** Required work **
As you work through the listing below, copy each line exactly and drop the images.

** Data shown **
----
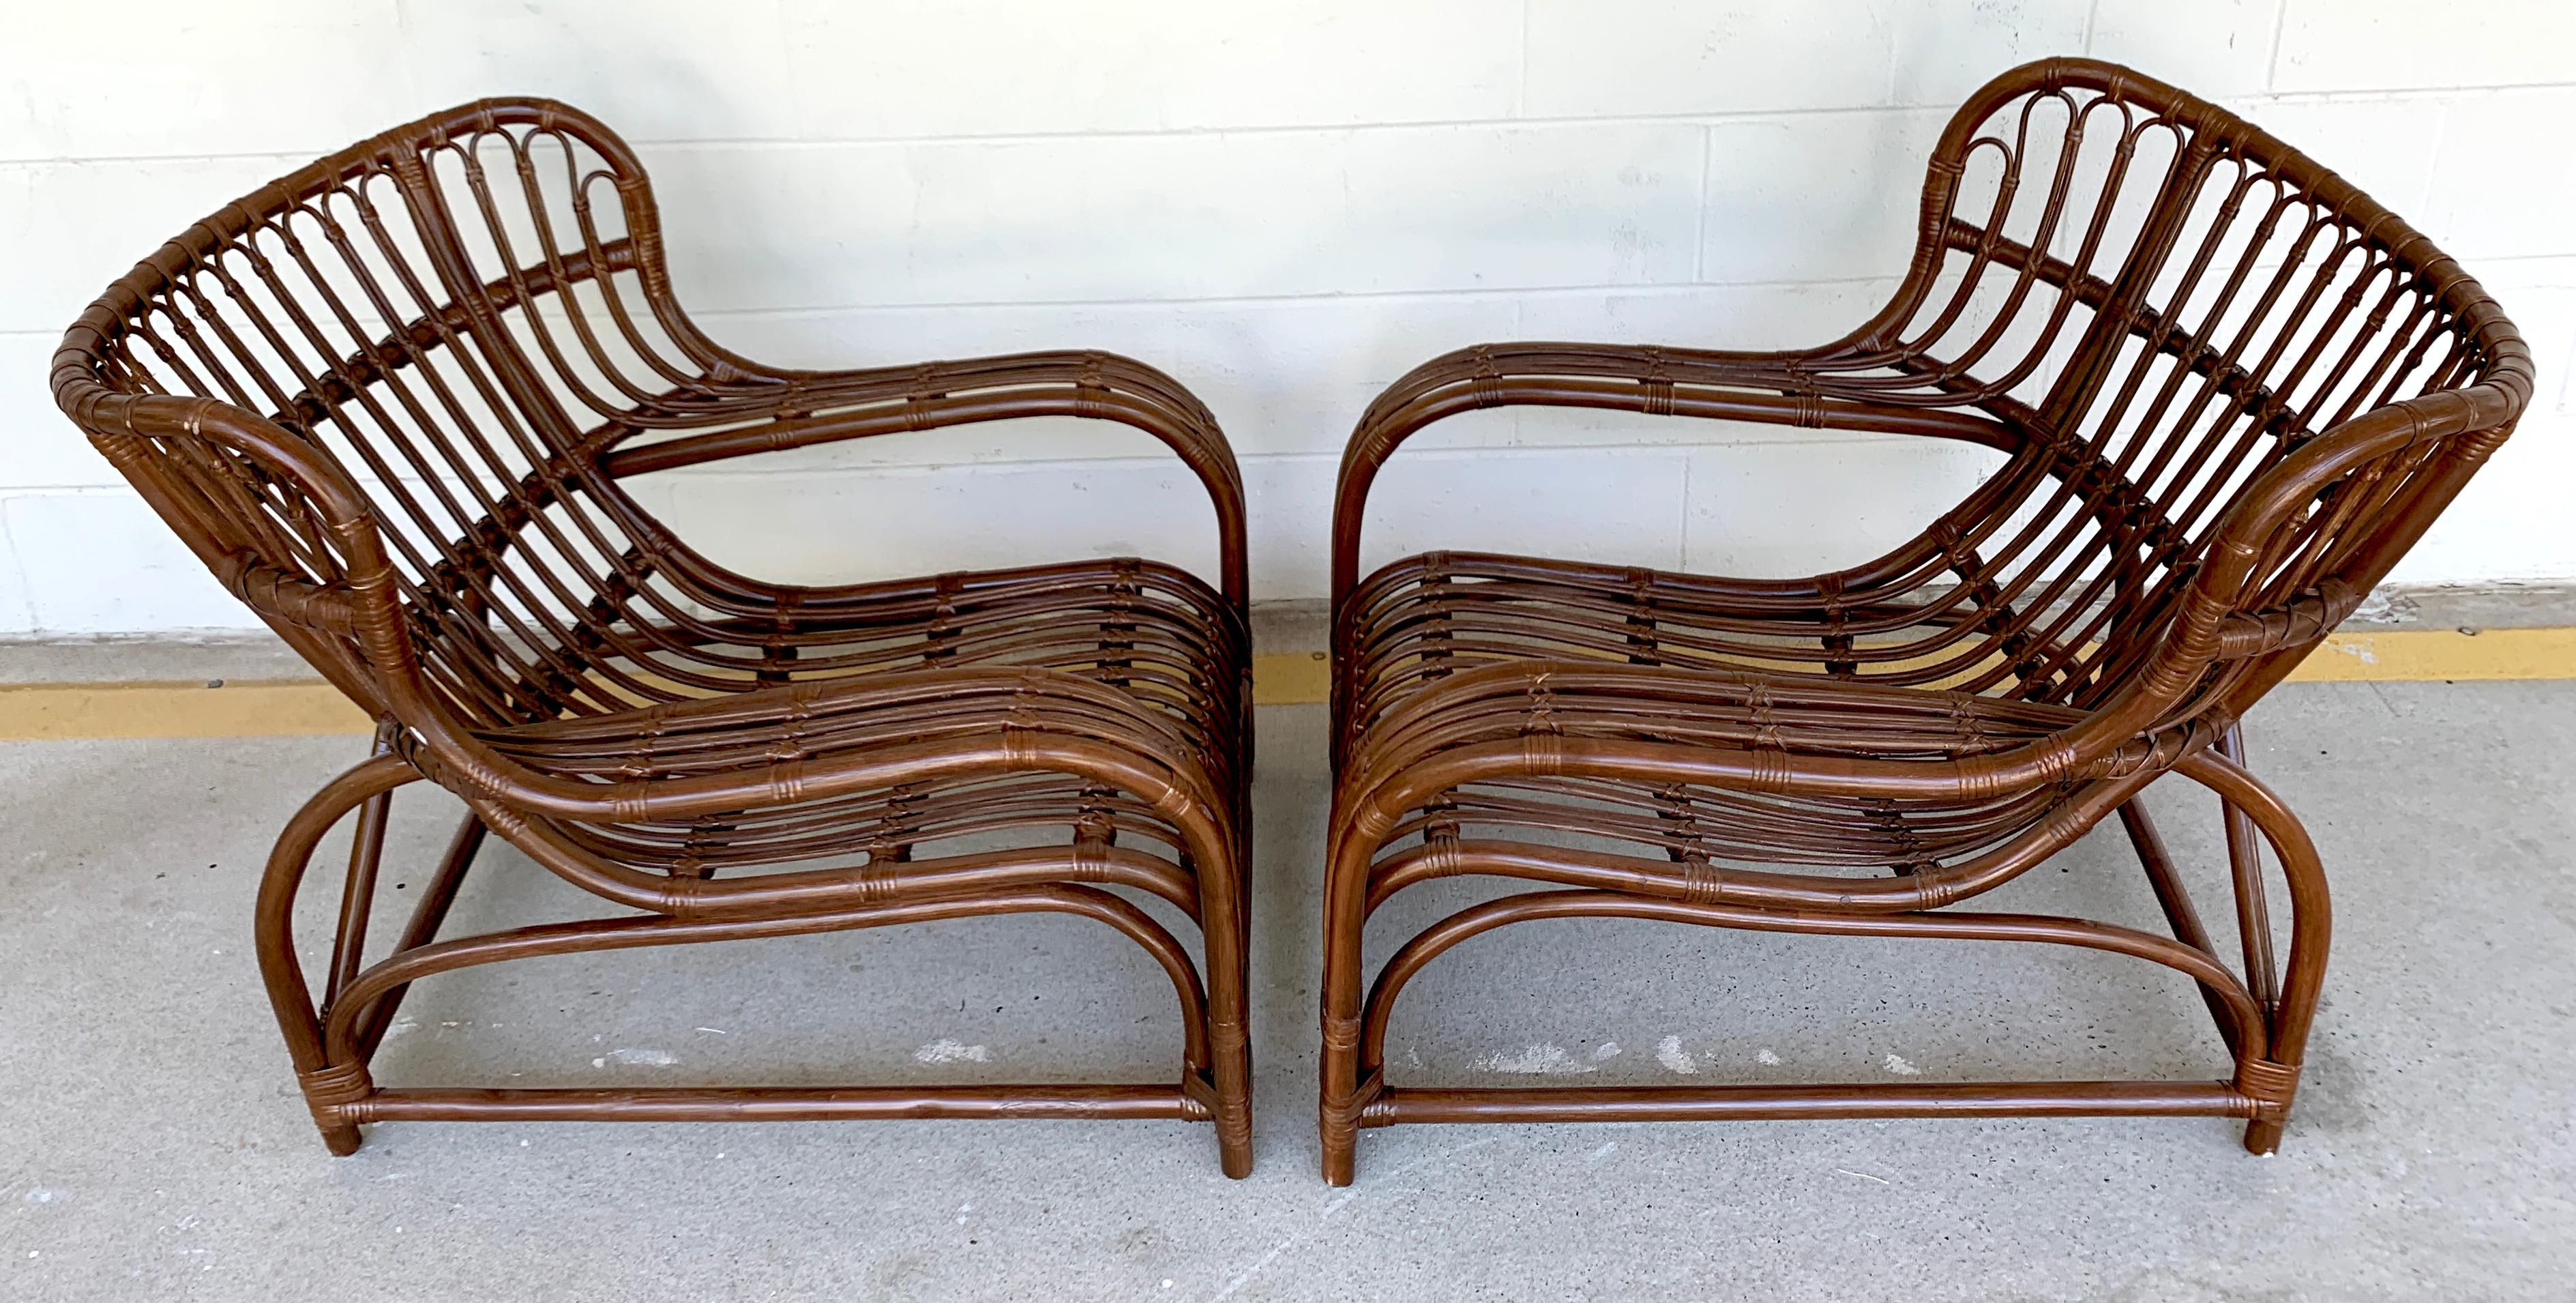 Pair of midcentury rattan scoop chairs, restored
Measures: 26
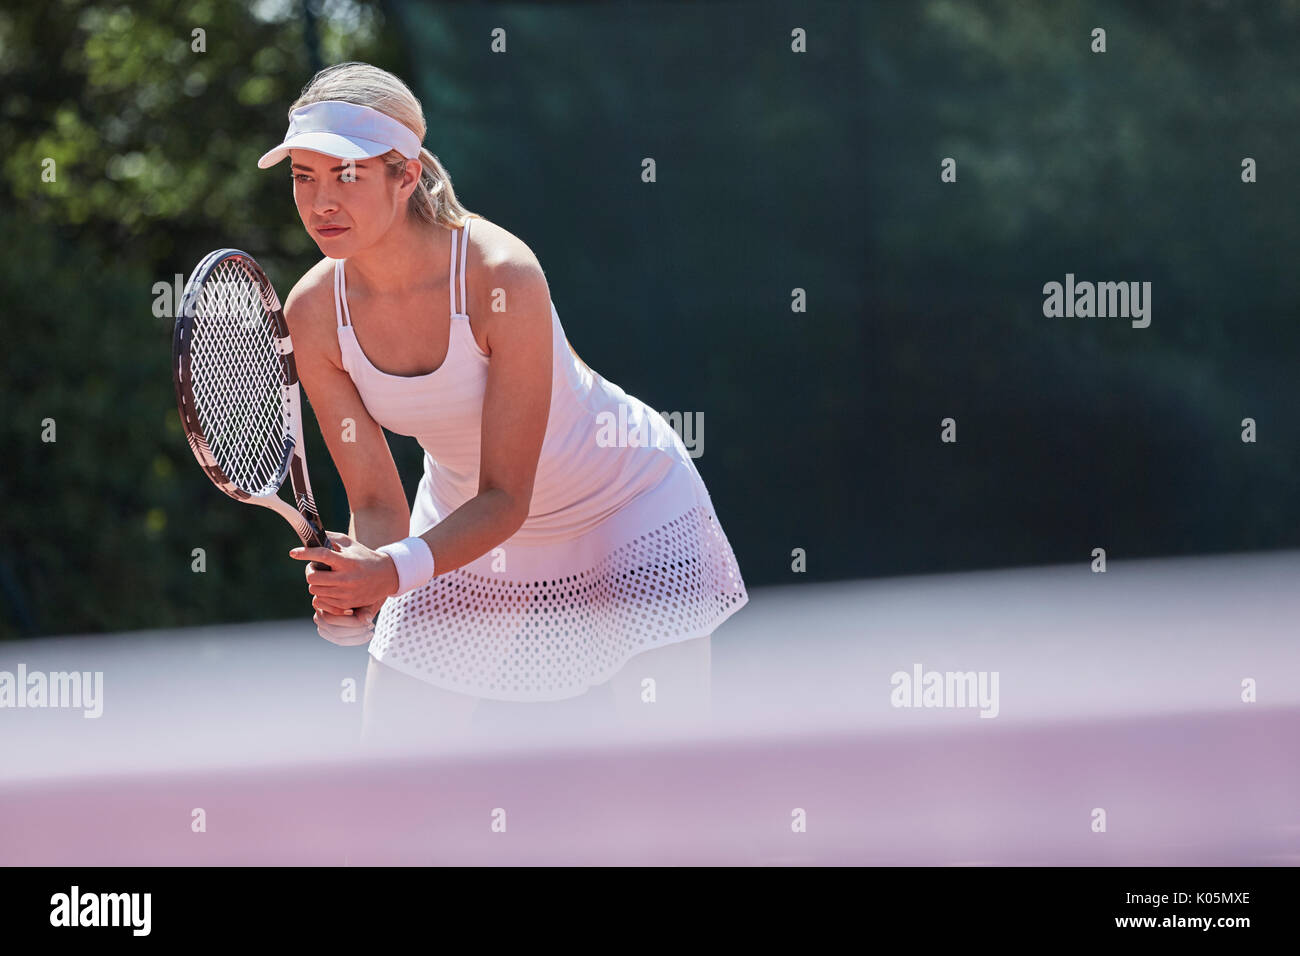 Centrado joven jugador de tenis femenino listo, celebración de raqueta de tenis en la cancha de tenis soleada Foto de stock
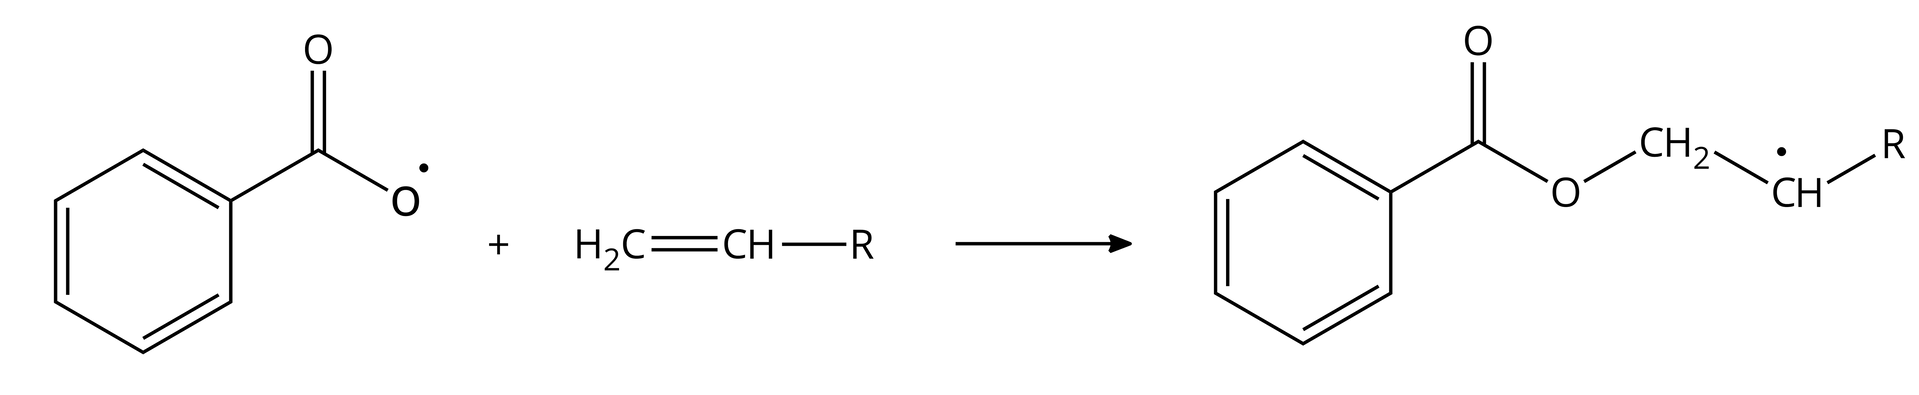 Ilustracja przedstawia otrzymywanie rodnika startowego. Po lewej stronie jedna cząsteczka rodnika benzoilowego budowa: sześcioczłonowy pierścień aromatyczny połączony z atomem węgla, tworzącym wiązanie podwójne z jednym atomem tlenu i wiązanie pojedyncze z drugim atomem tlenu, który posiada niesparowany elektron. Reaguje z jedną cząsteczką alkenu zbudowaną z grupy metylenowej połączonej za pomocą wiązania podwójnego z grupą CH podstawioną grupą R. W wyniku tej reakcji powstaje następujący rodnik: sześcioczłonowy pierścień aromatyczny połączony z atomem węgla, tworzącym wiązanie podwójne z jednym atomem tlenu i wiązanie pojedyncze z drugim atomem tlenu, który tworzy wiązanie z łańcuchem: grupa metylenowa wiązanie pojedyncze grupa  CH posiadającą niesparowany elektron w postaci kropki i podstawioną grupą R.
----
** Task result **
 Pair of midcentury rattan scoop chairs, restored
Measures: 26
 Centrado joven jugador de tenis femenino listo, celebración de raqueta de tenis en la cancha de tenis soleada Foto de stock
 Ilustracja przedstawia otrzymywanie rodnika startowego. Po lewej stronie jedna cząsteczka rodnika benzoilowego budowa: sześcioczłonowy pierścień aromatyczny połączony z atomem węgla, tworzącym wiązanie podwójne z jednym atomem tlenu i wiązanie pojedyncze z drugim atomem tlenu, który posiada niesparowany elektron. Reaguje z jedną cząsteczką alkenu zbudowaną z grupy metylenowej połączonej za pomocą wiązania podwójnego z grupą CH podstawioną grupą R. W wyniku tej reakcji powstaje następujący rodnik: sześcioczłonowy pierścień aromatyczny połączony z atomem węgla, tworzącym wiązanie podwójne z jednym atomem tlenu i wiązanie pojedyncze z drugim atomem tlenu, który tworzy wiązanie z łańcuchem: grupa metylenowa wiązanie pojedyncze grupa  CH posiadającą niesparowany elektron w postaci kropki i podstawioną grupą R.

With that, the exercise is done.